**Raw data:**

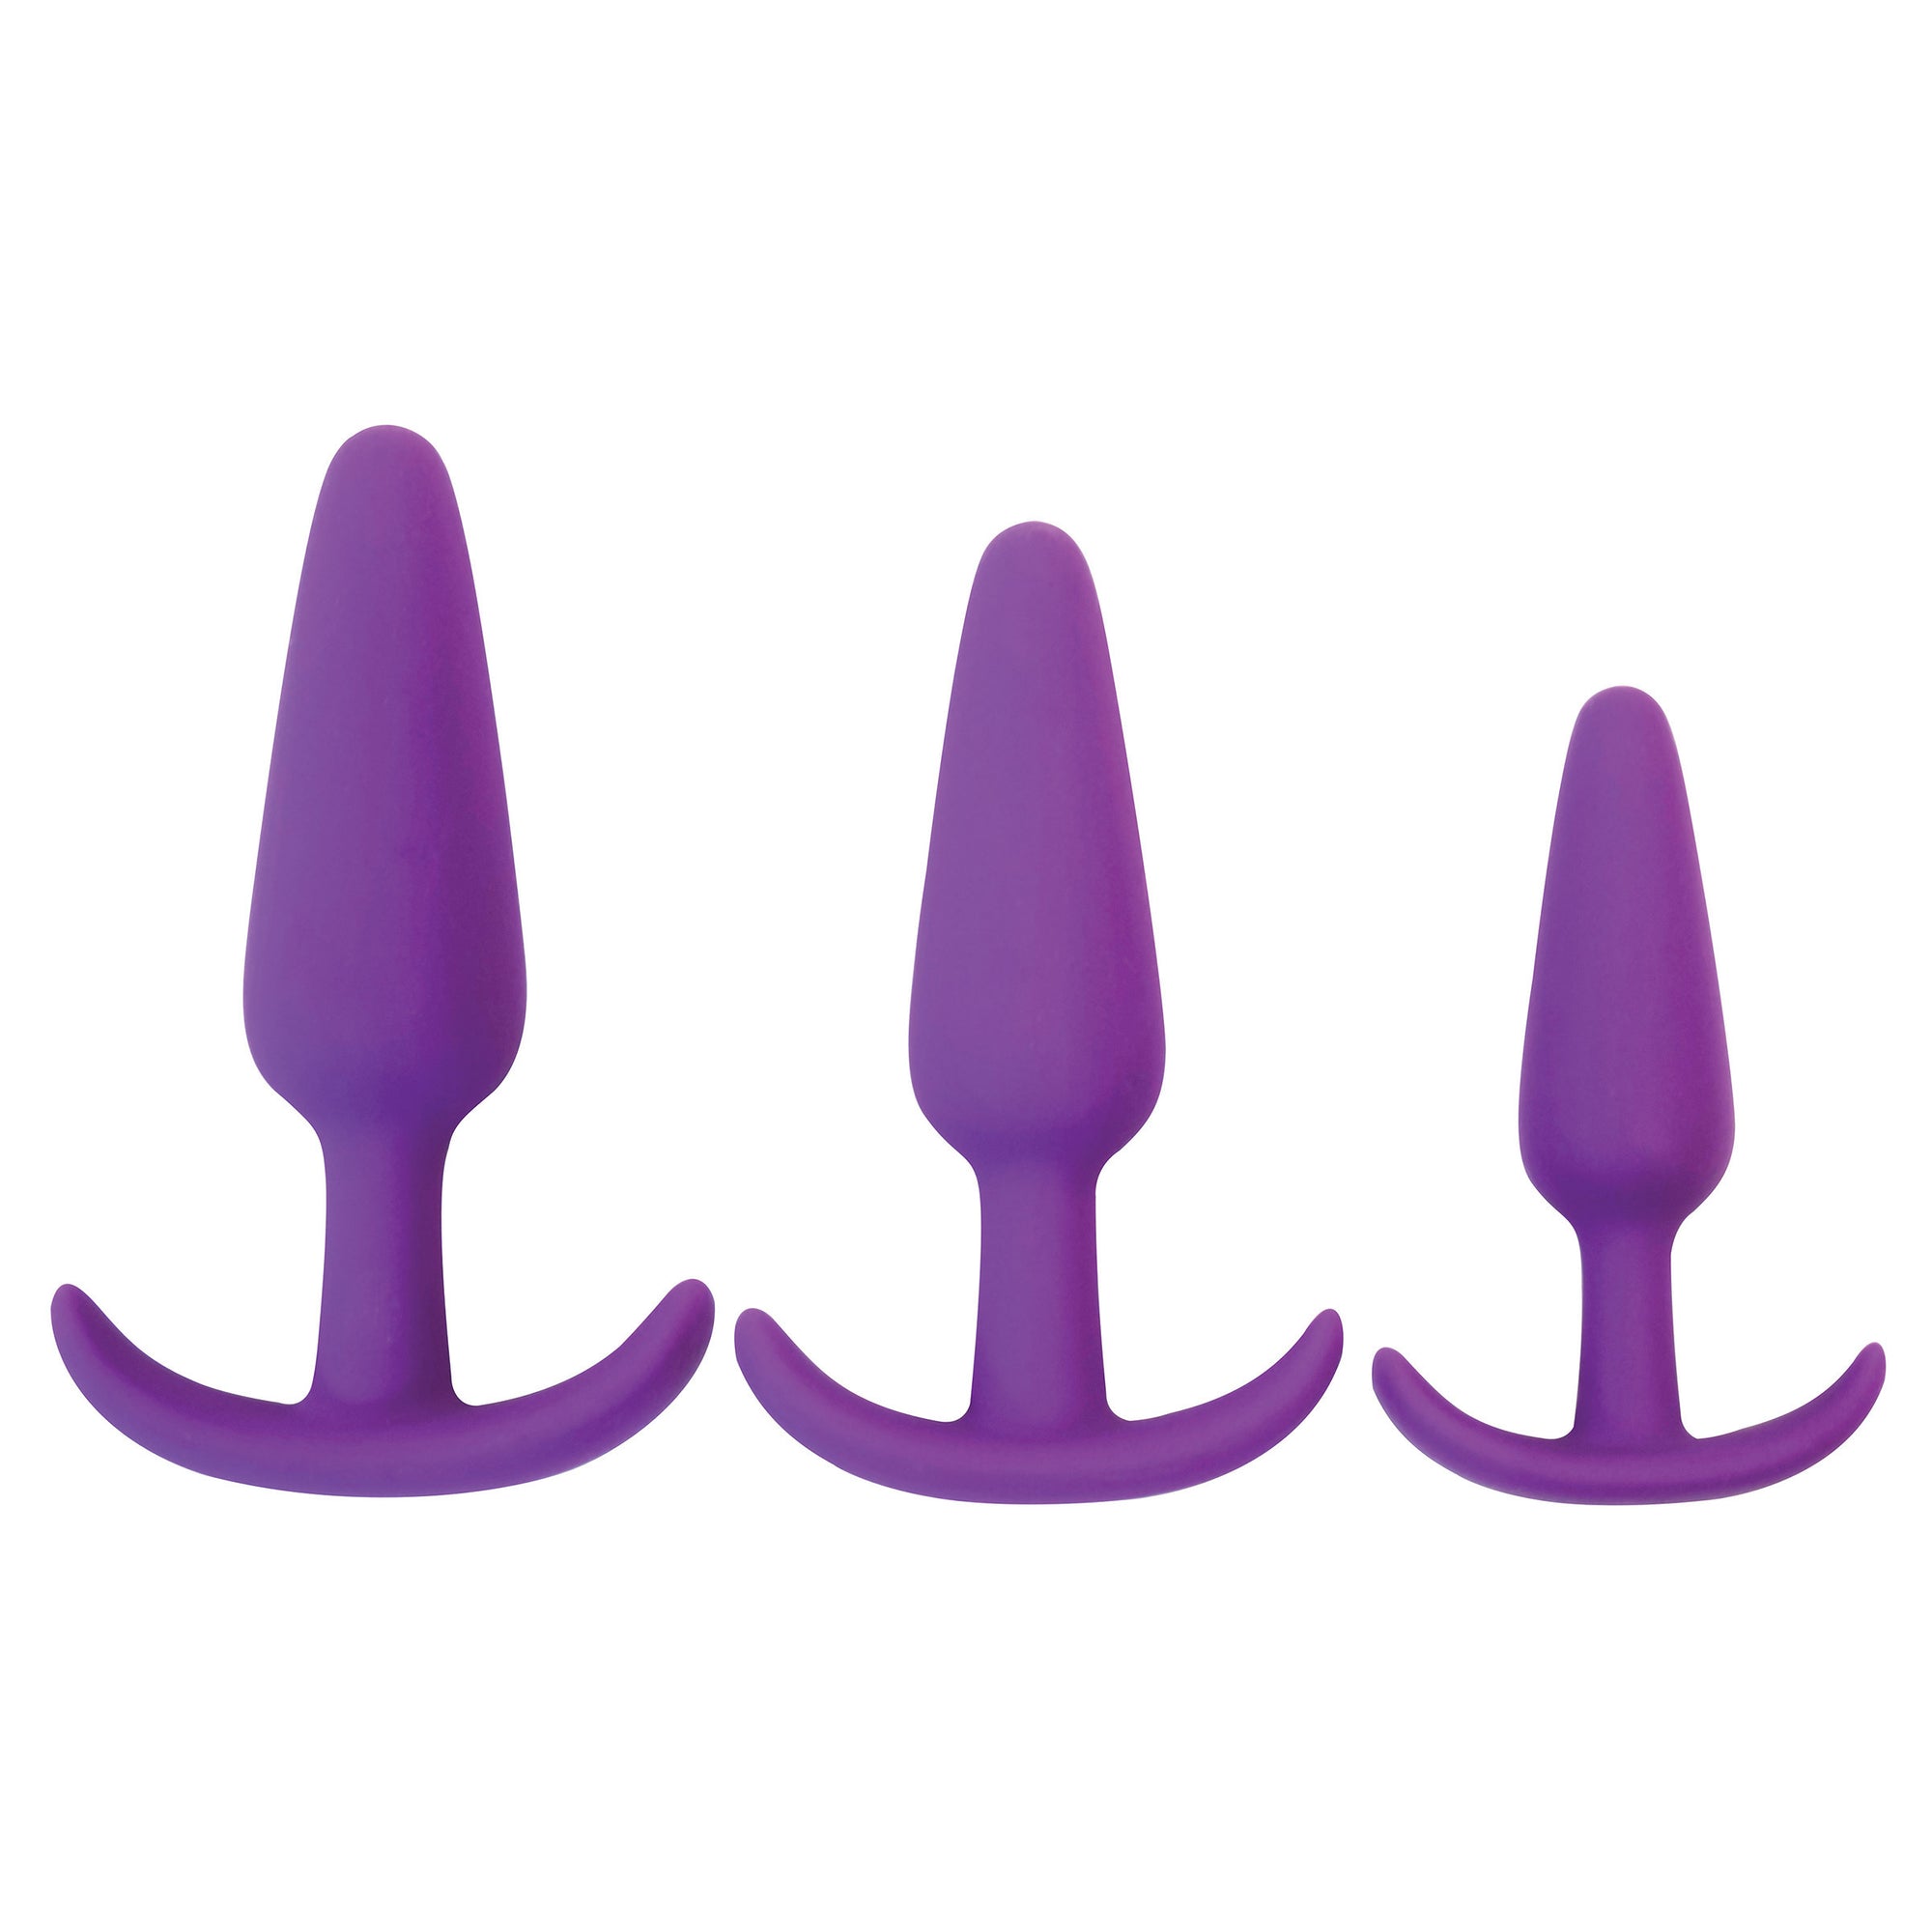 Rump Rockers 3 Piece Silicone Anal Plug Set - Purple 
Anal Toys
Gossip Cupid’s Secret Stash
...
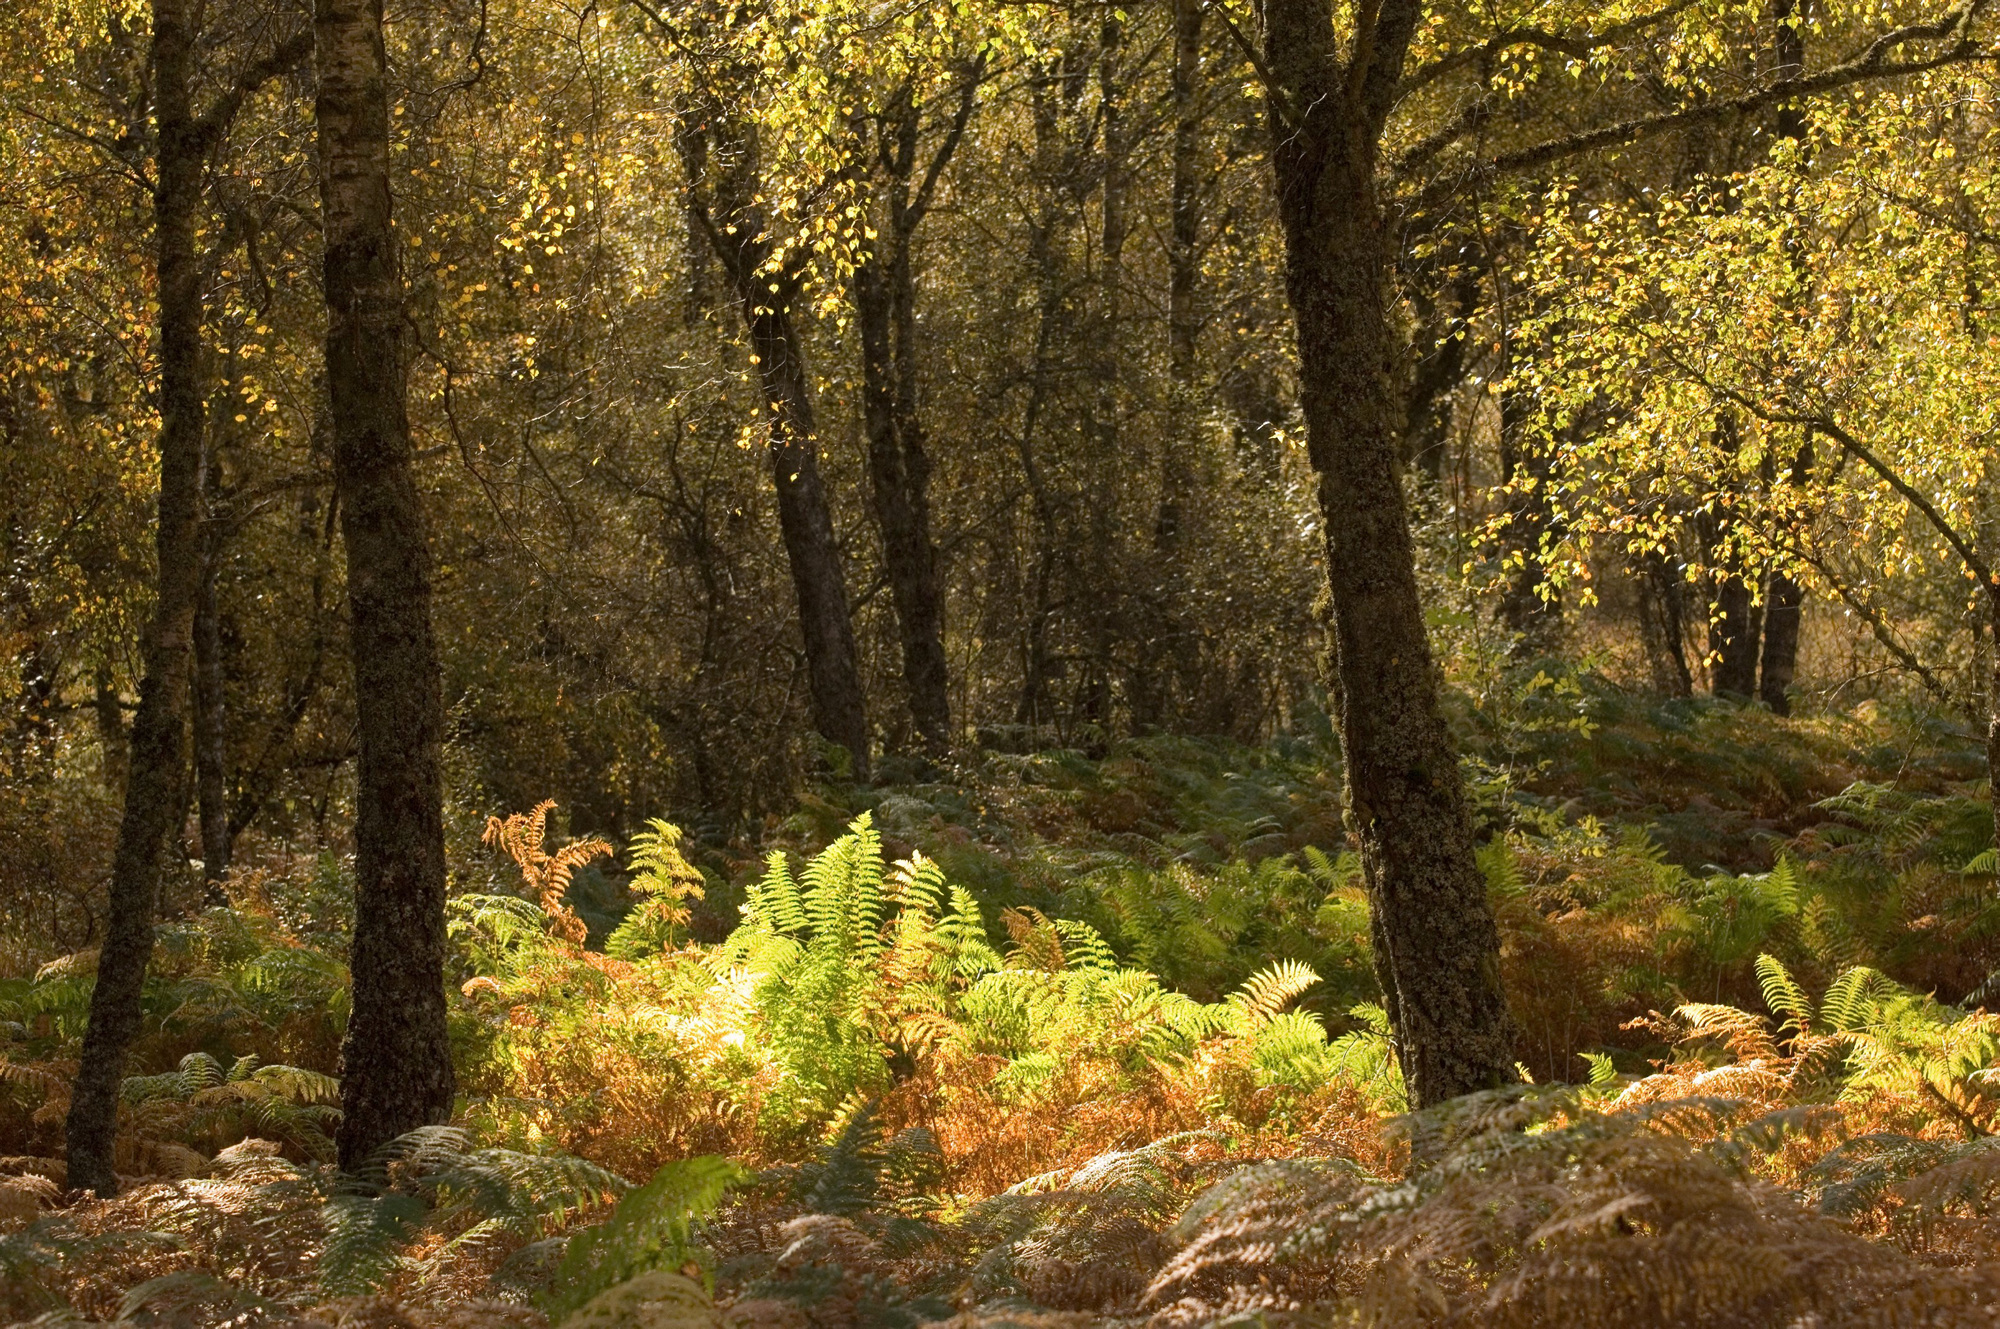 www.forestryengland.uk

**What to work on:** Leaving out each picture, repeat exactly the lines above from the one that contains "Rump Rockers 3" through the one that contains "Gossip Cupid’s Secret Stash".

**Response to this task:**
 Rump Rockers 3 Piece Silicone Anal Plug Set - Purple 
Anal Toys
Gossip Cupid’s Secret Stash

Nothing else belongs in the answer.